Зимой снег белеет, видно, куда идешь. А весной день растет, просыпаешься – в комнате уже светло… Вечером, тоже, помнишь, шли с мамой… Небо над парком темное со звездами, а со стороны города между домами яркая желто – красная полоса. Под ногами еще лед хрустел, крошился как стекло, и от этого во рту как бы оскомина…
Летом перед грозою темно, душно, но тогда молнии вспыхивают. А, вот, осенью, – да -а! Дождик как зарядит! Желтые пятна соседних домов плывут по стеклу. За окном чернота, качается, бъется голая мокрая ветка…. Сейчас, кстати, дождь прошел, ветер стих, редкие капли стукают в подоконник. Тепло…
«Чего?» Ничего не вижу. «Я смотрю-смотрю!» Что-то интересное. На мне новые кусачие брюки, которые всего один раз одевал на демонстрацию; туфли тоже не разношенные, жмут, но настроение праздничное. Воздух хороший, свежий… Дорога какая-то, что ли?
О-о! Голубой фонарик мягко качнулся, двинулся, пропал в темноте…. Папа что-то говорит, но слов не разобрать. Опять тихо.
Это лето! Глухая ночь ароматная и громадная! Ласковый огонек с ровным светлым венчиком, похожим на язычок газовой горелки зажегся, приветливо посветил вдали, тронулся с места, поехал-поехал, и растаял в ночи…

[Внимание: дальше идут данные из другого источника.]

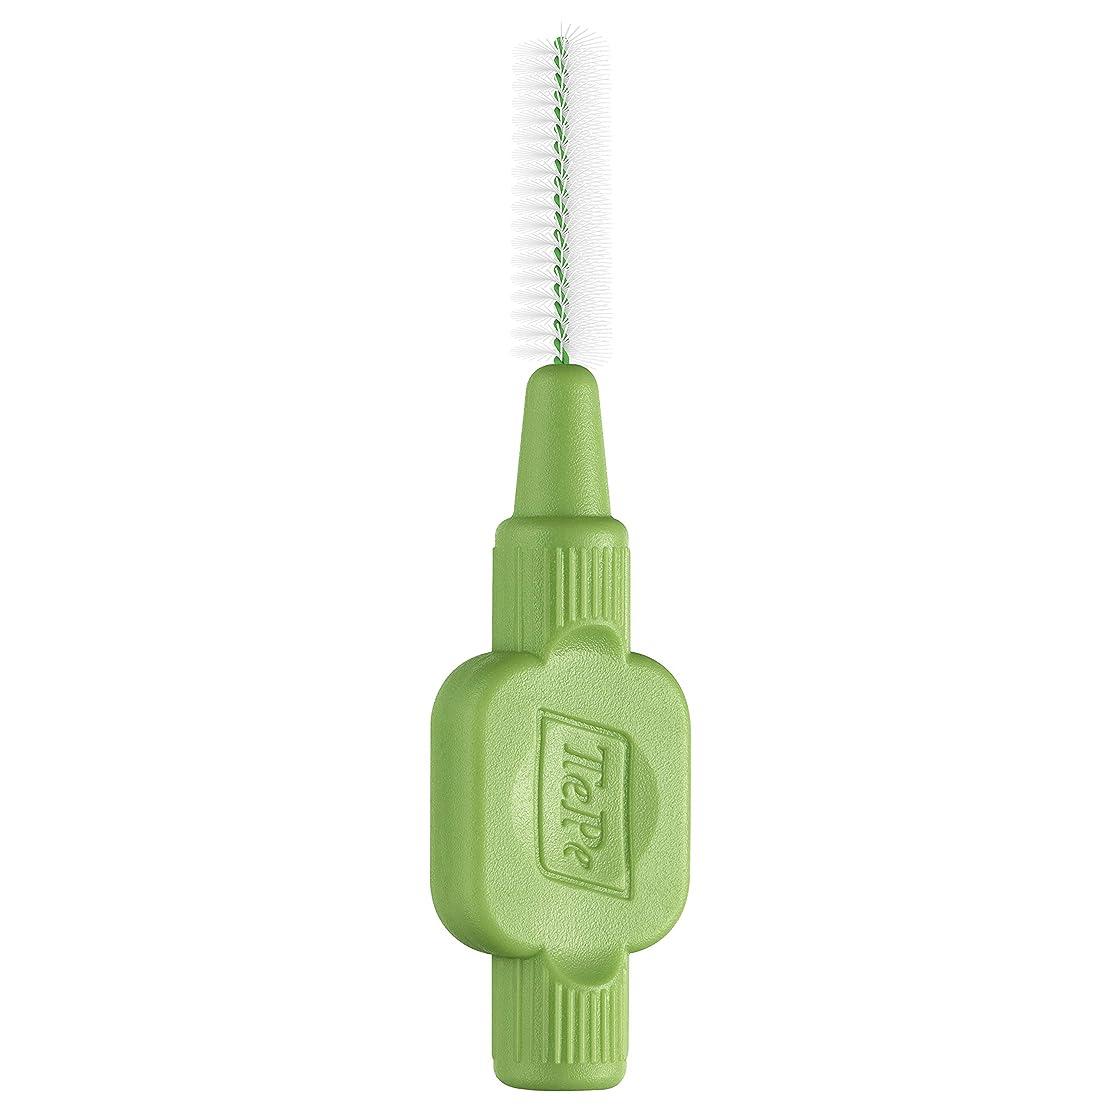 リクルート賢明な手順Tepe Green Interdental Brush 0.8mm 25 Pack by TePe

Поезд! «Единица»! Московский скорый с темно-синими блестящими вагонами бесшумно набирает ход, лентой вытягивается на повороте…. Уплывает, теряется, моргнув на прощание синим глазом…
Однако, мы едем! Ну, конечно! Мы спешили за ним на такси, долго стояли на переезде, шофер ругался матом…
В купе темно. Позванивают стаканы на столе. Сопит, кряхтит большая груда под простынею рядом на нижней полке…
Что такое?
Резко надвинулся закоптелый фонарь на последнем вагоне замедлившегося поезда. Звенит! А-а! Потому что закрыт шлагбаум. Сейчас поднимут и поедем…. Будет спокойно, тихо…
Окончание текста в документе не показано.